Segment Open

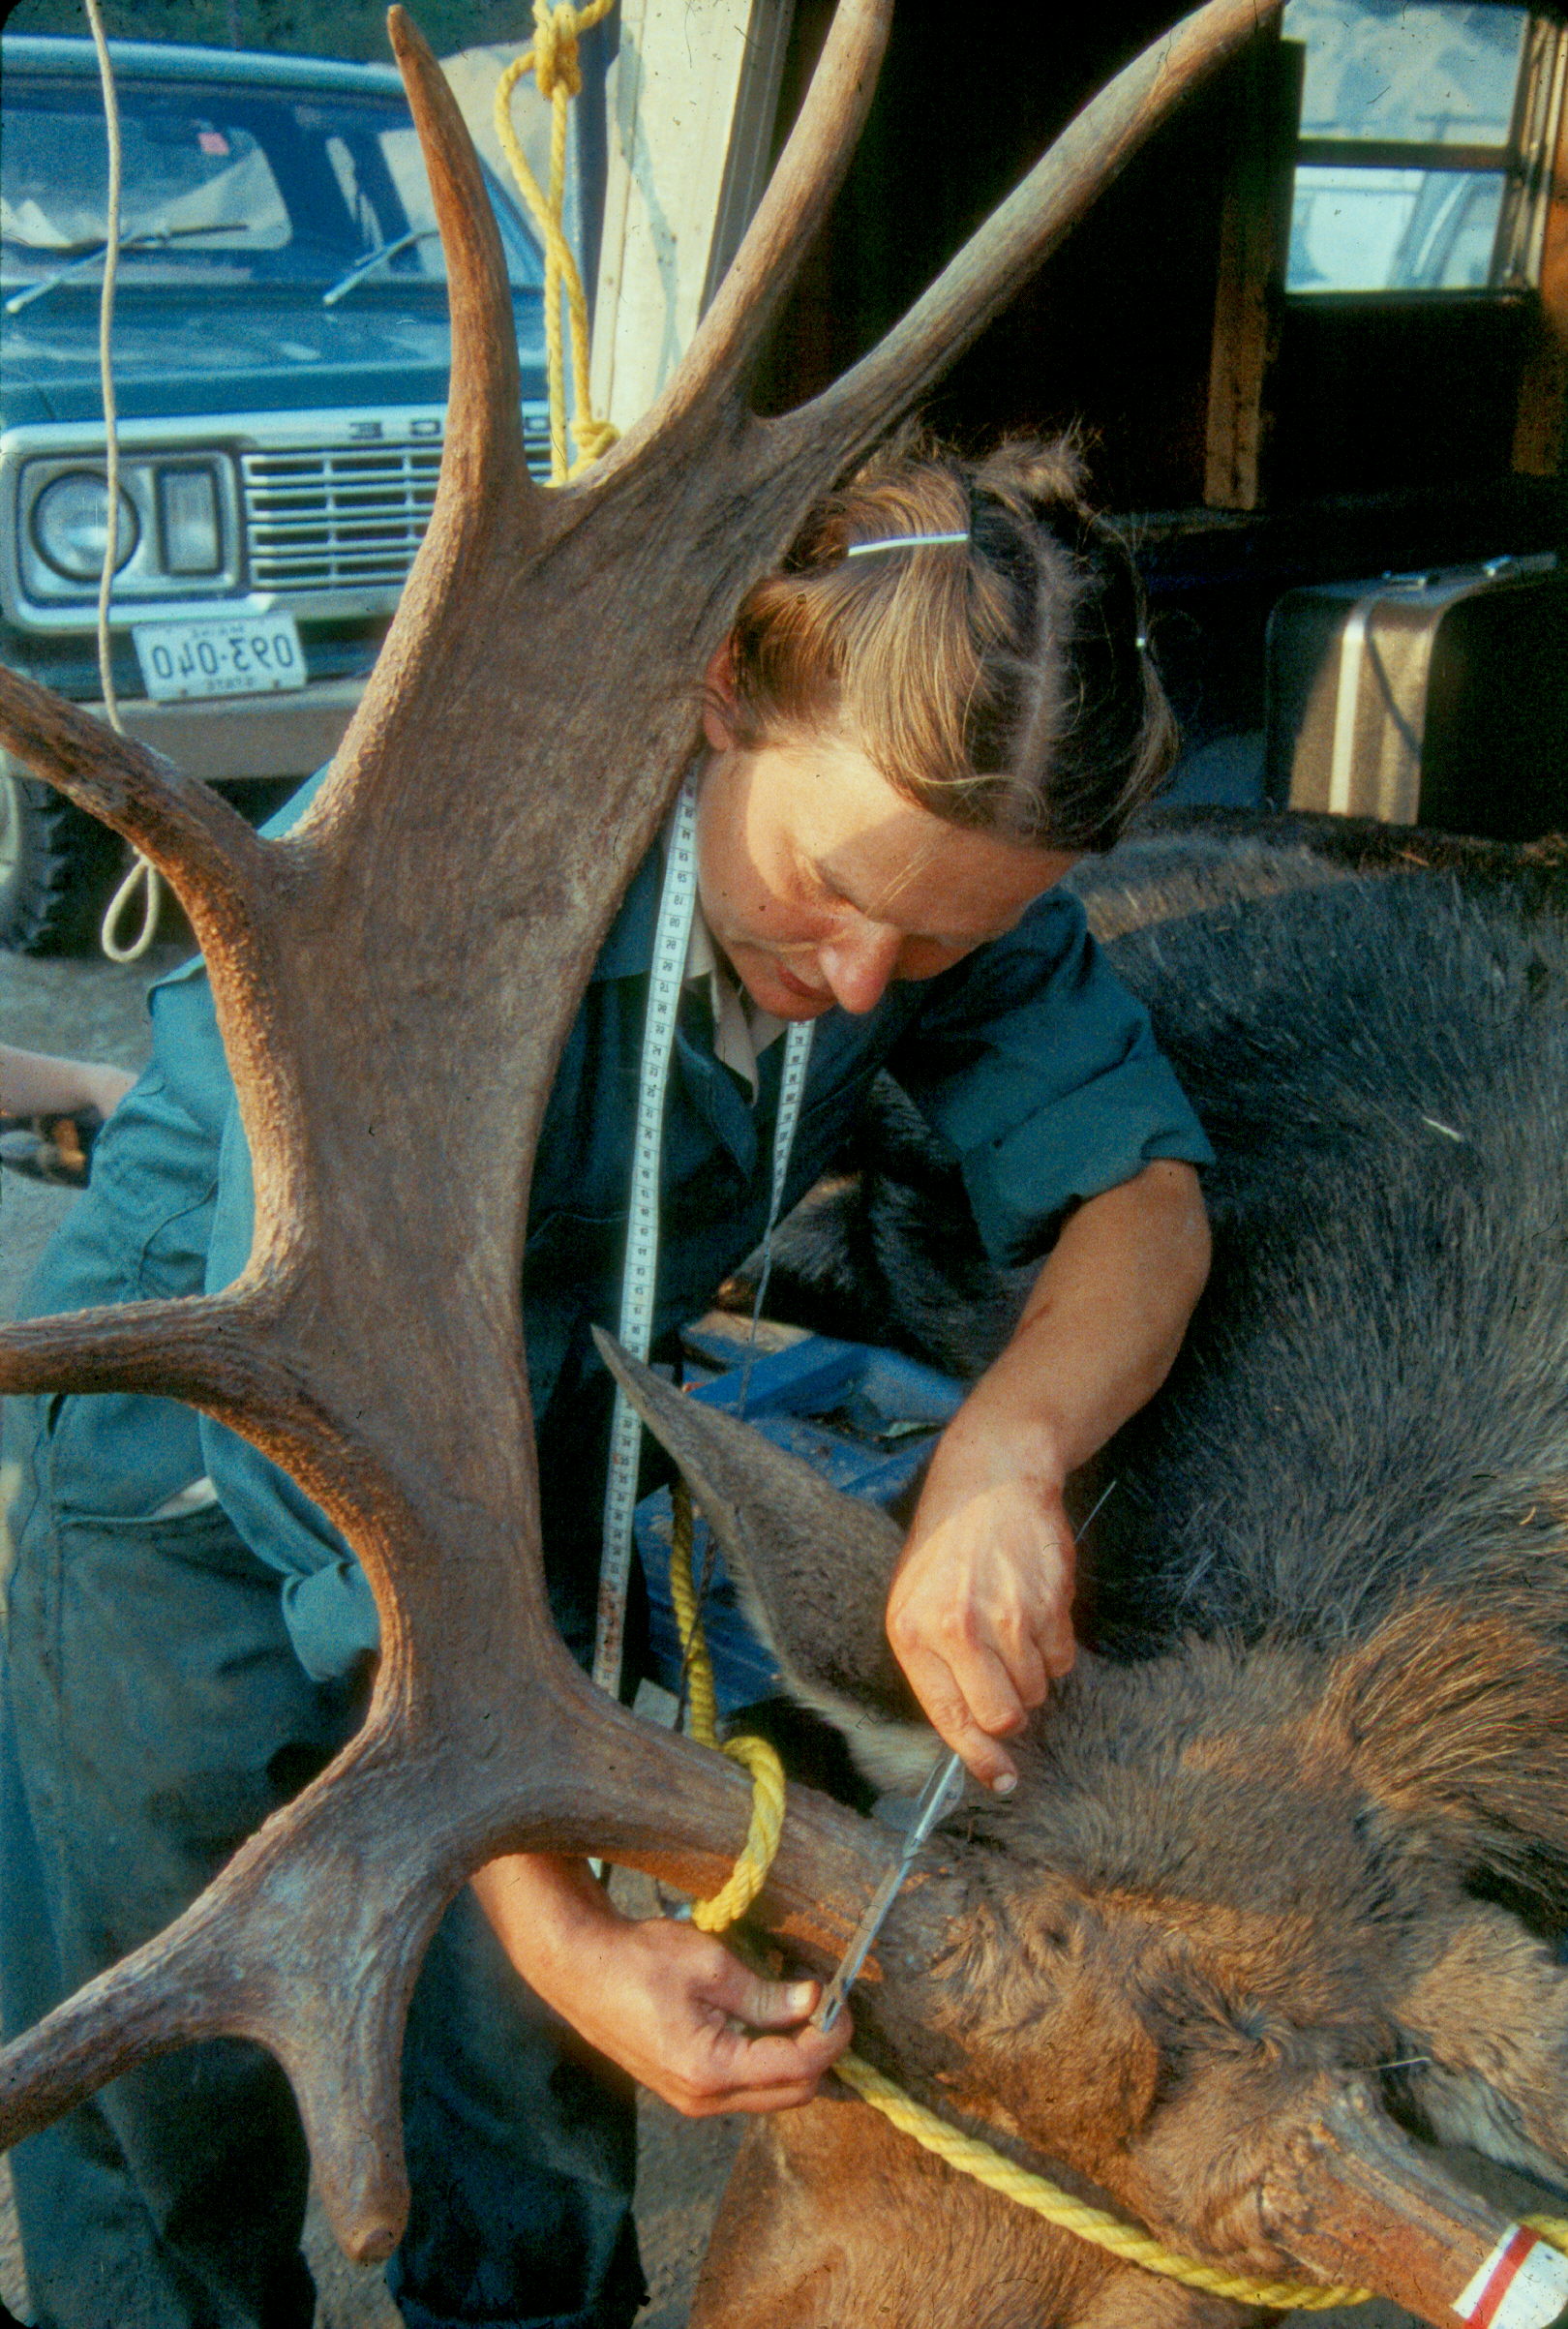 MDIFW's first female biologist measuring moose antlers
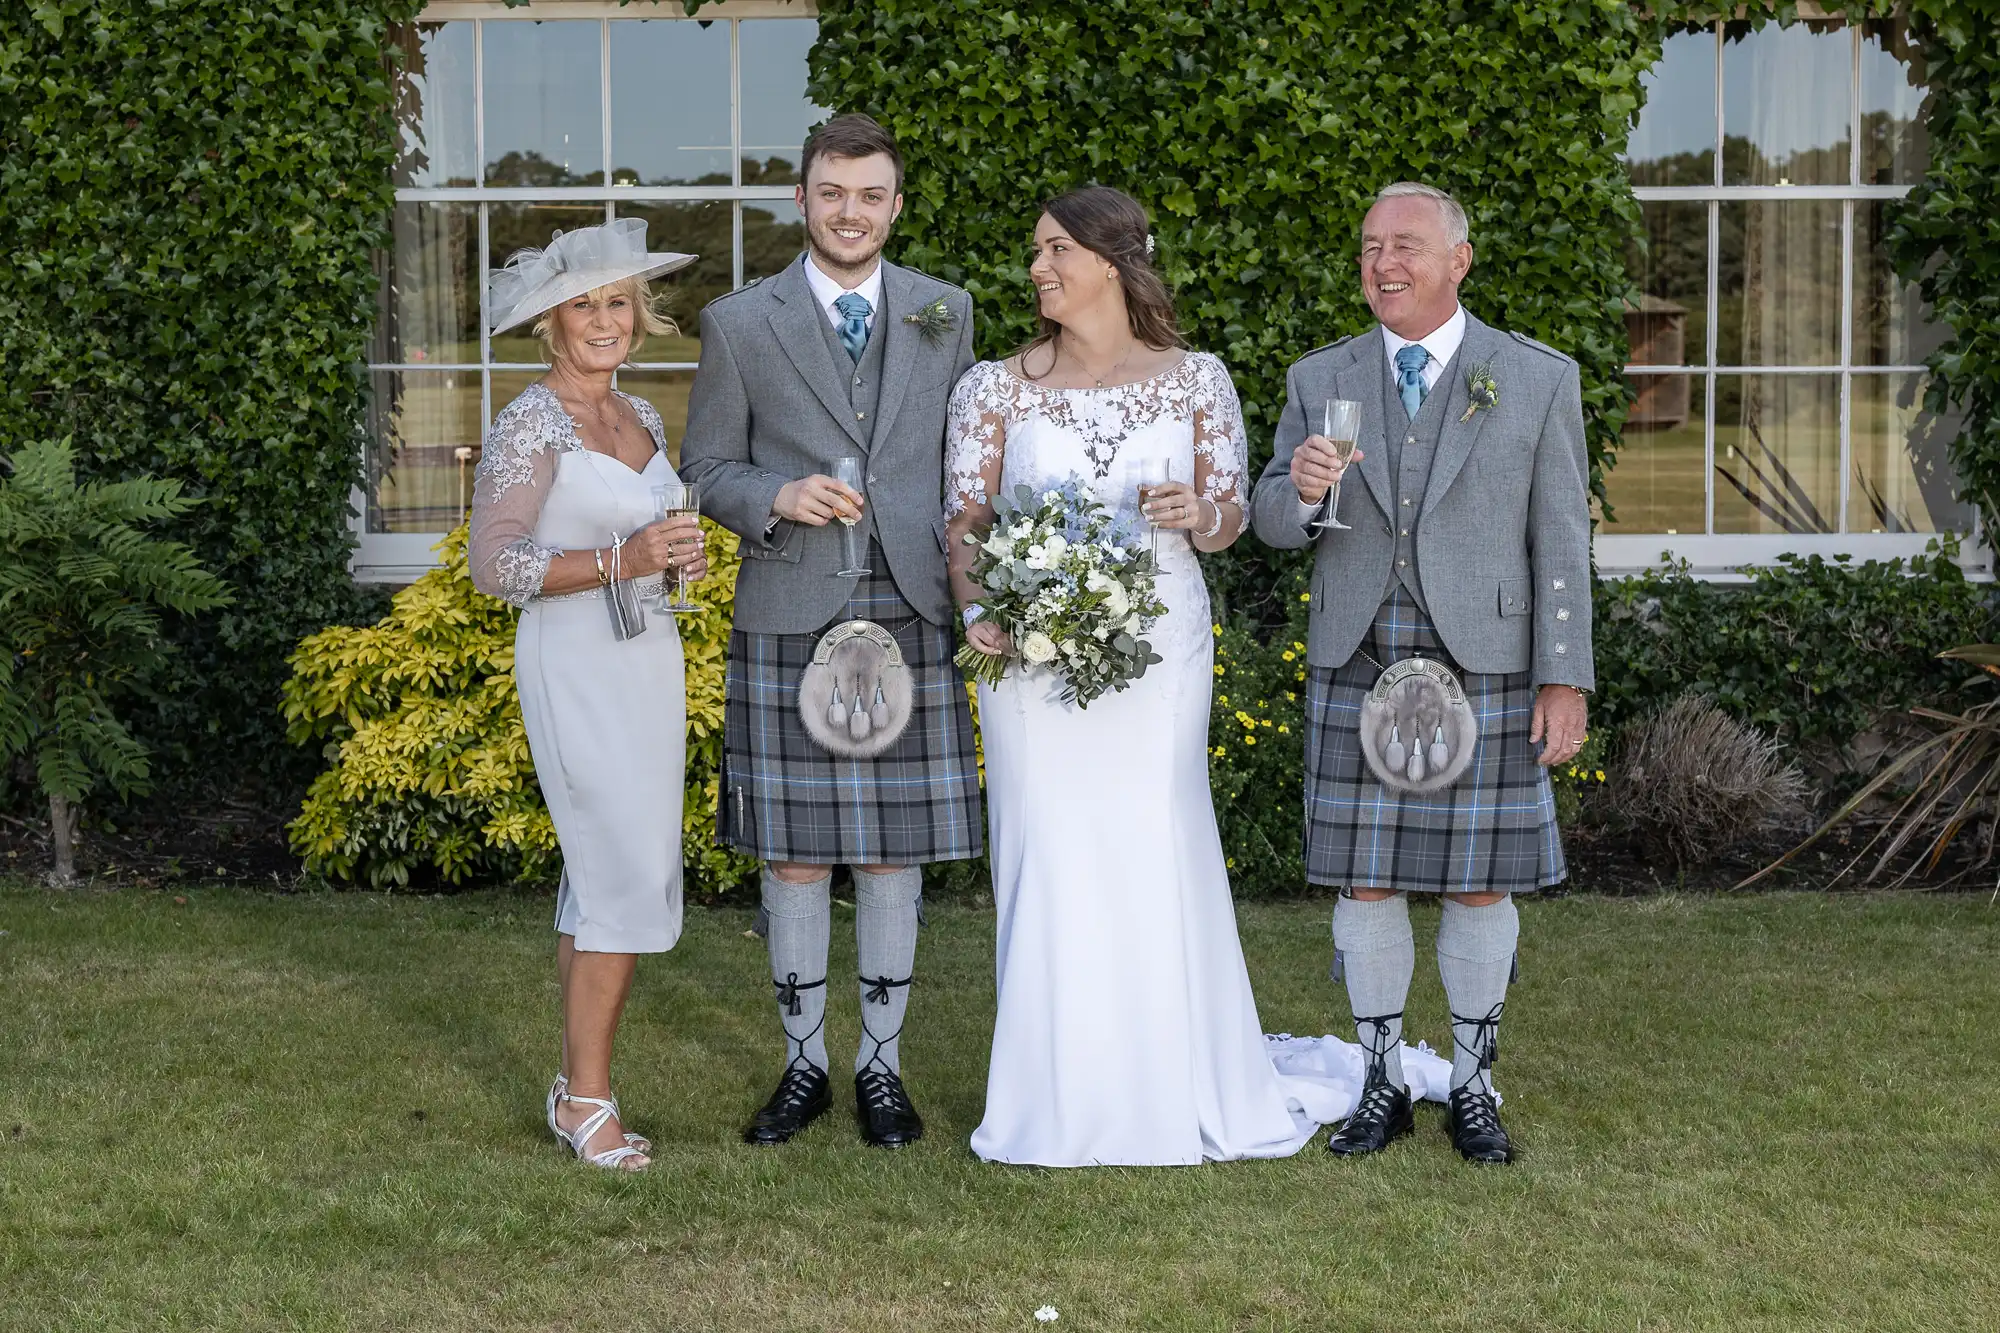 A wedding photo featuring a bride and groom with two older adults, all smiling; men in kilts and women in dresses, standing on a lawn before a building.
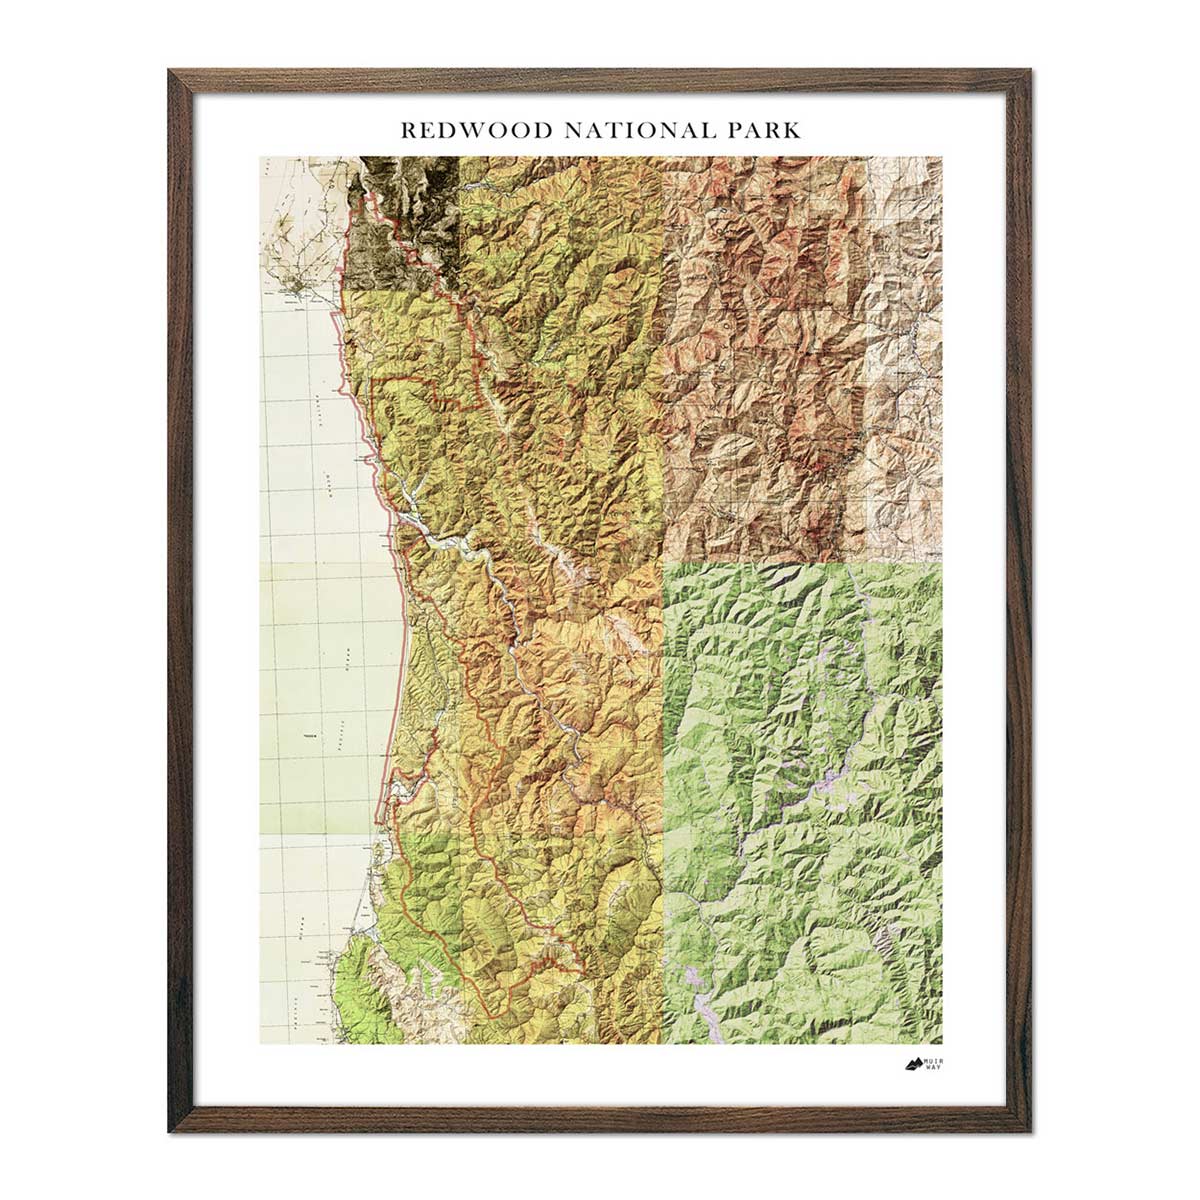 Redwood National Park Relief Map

Segment Closed

WHAT YOU SHOULD DO — Would you give the data above again word for word, minus the pictures?

WRITTEN RESPONSE —
 MDIFW's first female biologist measuring moose antlers
 A wedding photo featuring a bride and groom with two older adults, all smiling; men in kilts and women in dresses, standing on a lawn before a building.
 Redwood National Park Relief Map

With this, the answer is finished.